Thank you -- another worthwhile thing to do is look at who all has appealed and ask yourself "Do I really want to be part of this club?"

Other than a *very* small minority of well known and well respected folk the http://www.ietf.org/iesg/appeal.html page is basically a handy kook reference.
    

I think this is a bit overstated. There are 14 unique names of appellants (2 of which are groups of appellants). As I stated, 3 of those appellants account for 19 appeals, all denied. Perhaps you don't want to be part of the club with those 3 who make up 60% of the appealing, but if you simply remove those, you get:

13 appeals for 11 appellants (2 of them appealed twice, with years in between appeals)
1 appeal withdrawn before the IESG decided
6 appeals accepted
6 appeals denied.

So the small minority are actually the repeat appealers. Of the rest, over half I would instantly recognize as well-known and long-time participants, and (without naming names) half of *those* folks were denied and half were accepted.

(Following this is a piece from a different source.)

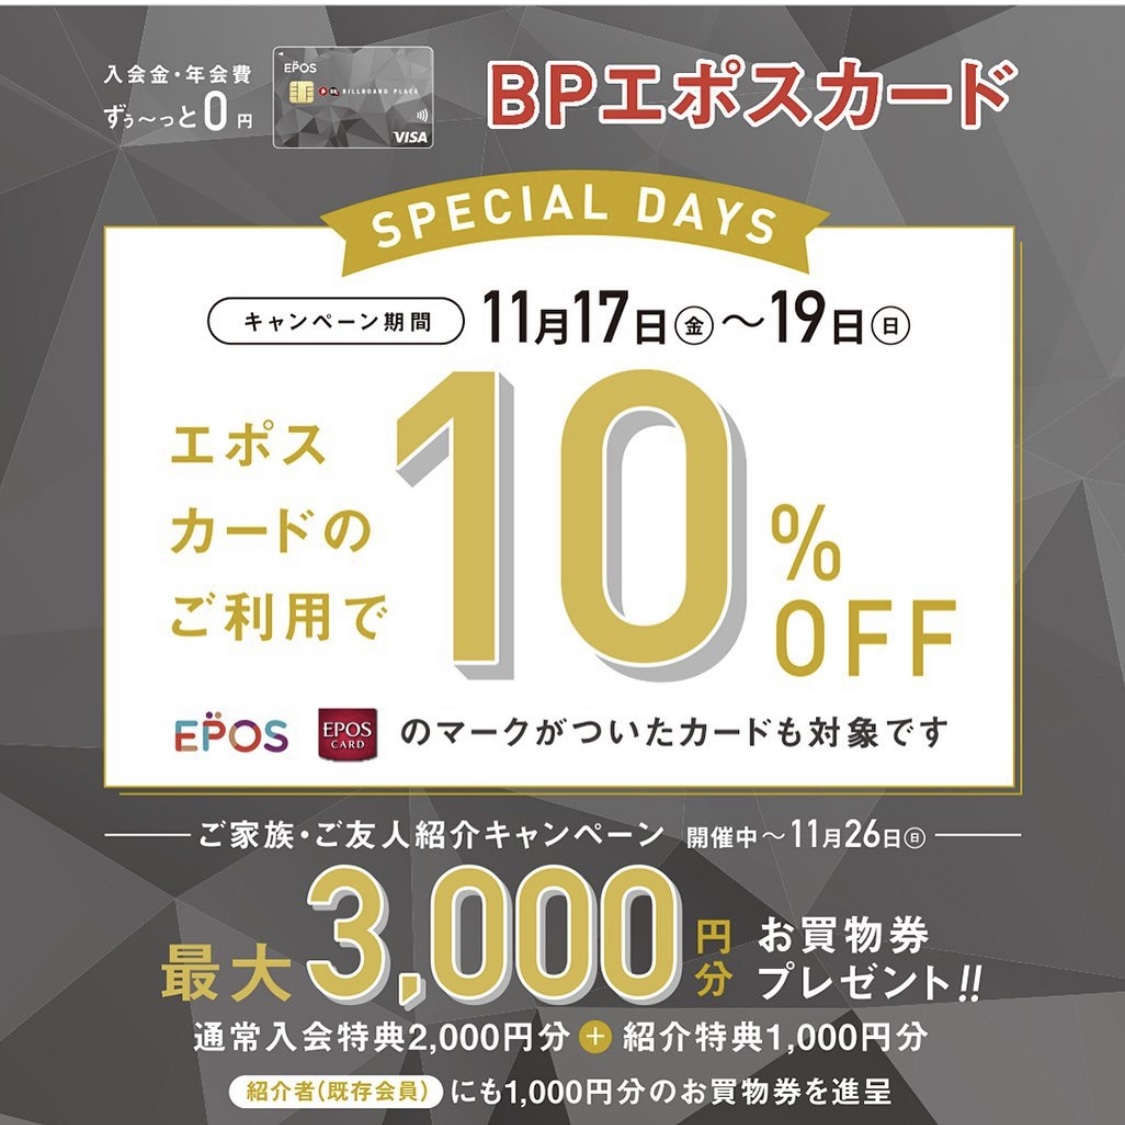 【スリークBP】BPエポスカード10%OFFのお知らせ

So appeals that get to the level of the IESG from the group of 11 are accepted half of the time. That means that these folks are bringing issues to the IESG that, after having gone through the WG, the chairs, and the cognizant AD, half the time are still accepted by the IESG. That is, there's a 50/50 shot they've found a serious problem that the IESG agrees the rest of us in the IETF have missed.

I'd be part of that club.

I am honored to be a member of that club.   Remembering that
appeals, as others have pointed out, a mechanism for requesting
a second look at some issue, they are an important, perhaps
vital, part of our process.  We probably don't have enough of
them.  Effectively telling people to not appeal because they
will be identified as "kooks" hurts the process model by
suppressing what might be legitimate concerns.
  

Agreed. In any dispute process, there will be some folks who are outliers that make up an awful lot of the total load. But that shouldn't take away from those who are using it for its designed purpose.

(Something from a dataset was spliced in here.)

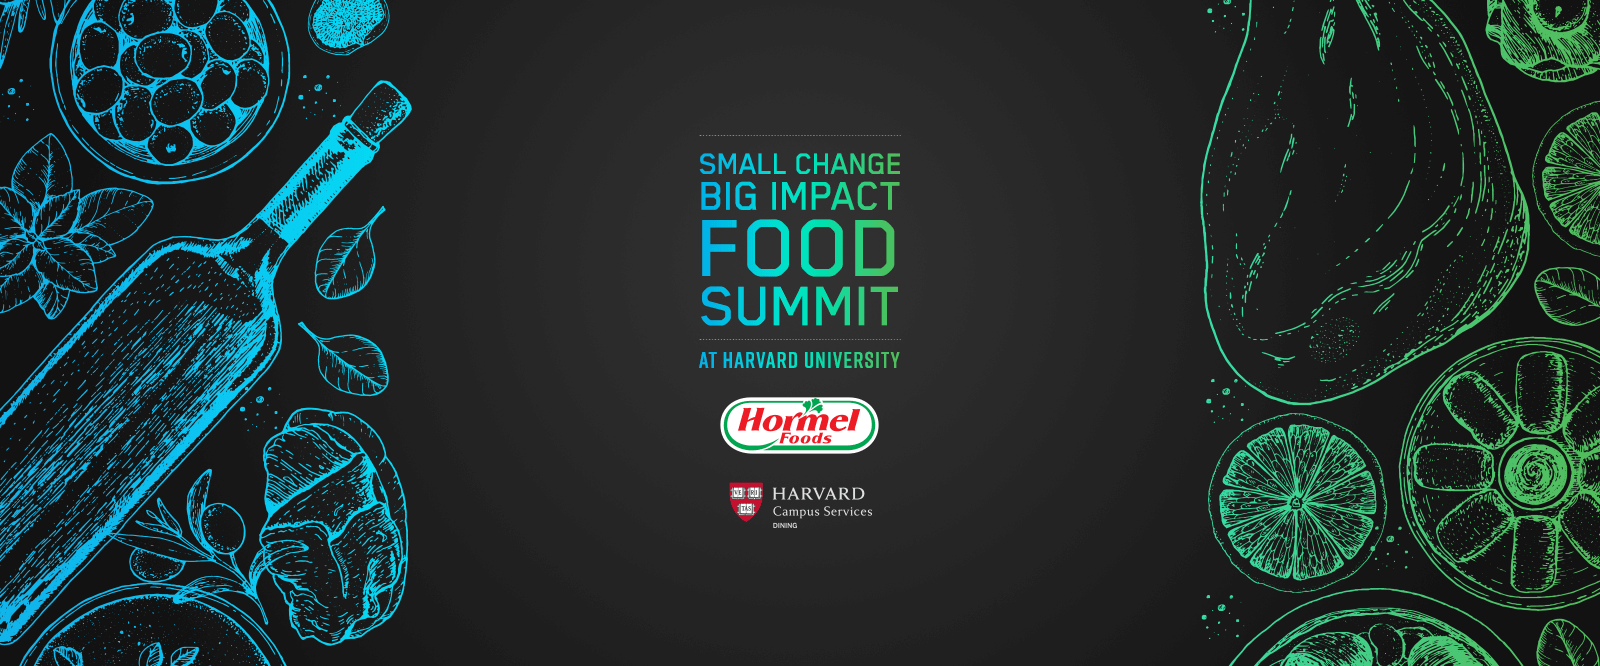 Harvard Food Summit Hero image

In addition, it is important to note that the page does _not_
list every appeal since 2002.  If one reads Section 6.5 of RFC
2026, it describes a multi-step process for appears in each of a
collection of categories.  The web page lists only those that
were escalated to full IESG review.

Interestingly, 2026 6.5 only refers to things that get to the IESG, IAB, or ISOC BoT as "appeals". The rest of the "discussions" are simply part of "dispute" or "disagreement" resolution.

But John's central point still stands: Most of the dispute resolution takes place before it ever gets to the IESG, IAB, or ISOC BoT as a formal appeal.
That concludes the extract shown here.